PDB {SMRUCC.genomics.Data.RCSB.PDB} |
.NET clr documentation |
PDB
Description
The RCSB PDB file format is a standardized text-based format used to represent 3D structural
data of biological macromolecules, such as proteins, nucleic acids, and viruses. Managed by the
Research Collaboratory for Structural Bioinformatics (RCSB), it serves as the primary format for
entries in the Protein Data Bank (PDB), a global repository for experimentally determined structures.
Below is a detailed introduction:
### Key Features
1. Text-Based Structure:
Plain text file (`.pdb` extension) with a fixed-column format, meaning data is organized
into specific columns for consistency. Each line begins with a record type (e.g., `ATOM`,
`HETATM`, `HEADER`) that defines the data it contains.
2. Core Components:
- Atomic Coordinates: Stored in `ATOM` (standard residues) and `HETATM` (heteroatoms, e.g., water, ligands) records.

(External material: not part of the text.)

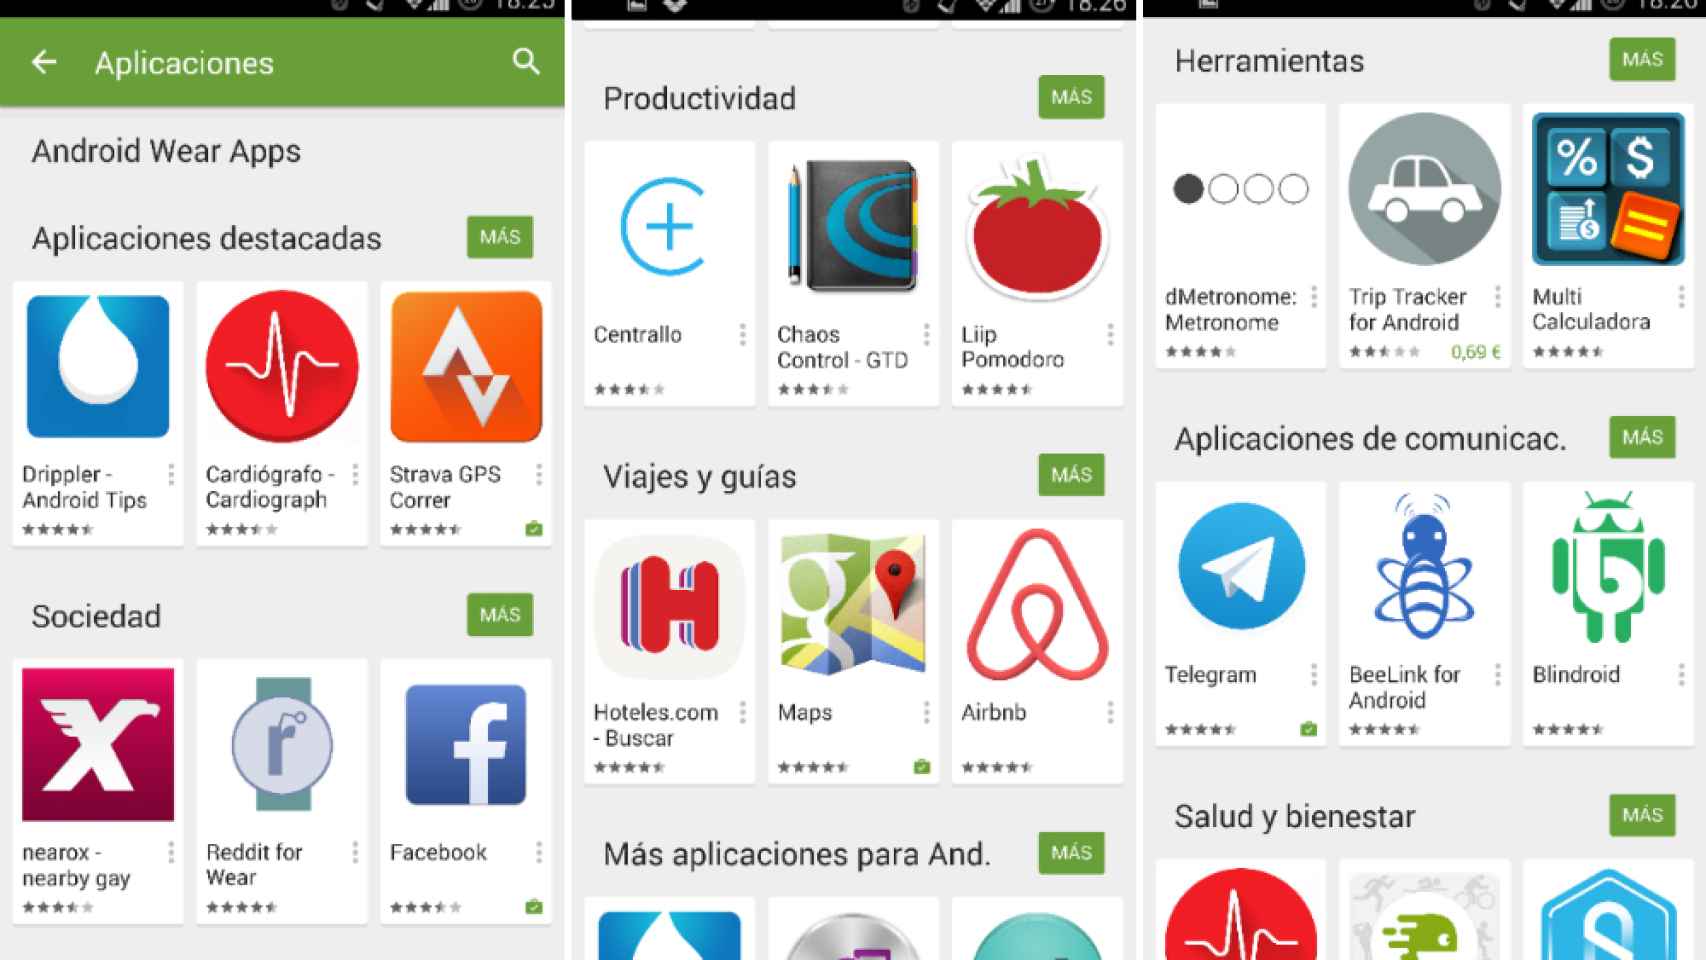 Google Play añade 8 nuevas categorías de apps compatibles con Android Wear

- Metadata: Includes details like the title (`TITLE`), experimental method (`EXPDTA`), authors (`AUTHOR`), and biological source (`SOURCE`).
- Sequence Information: Provided in `SEQRES` lines.
- Secondary Structure: Annotated in `HELIX`, `SHEET`, and `TURN` records.
- Connectivity: Bonds between atoms are listed in `CONECT` lines.
- Crystallographic Data: Unit cell parameters (`CRYST1`), symmetry operations, and resolution.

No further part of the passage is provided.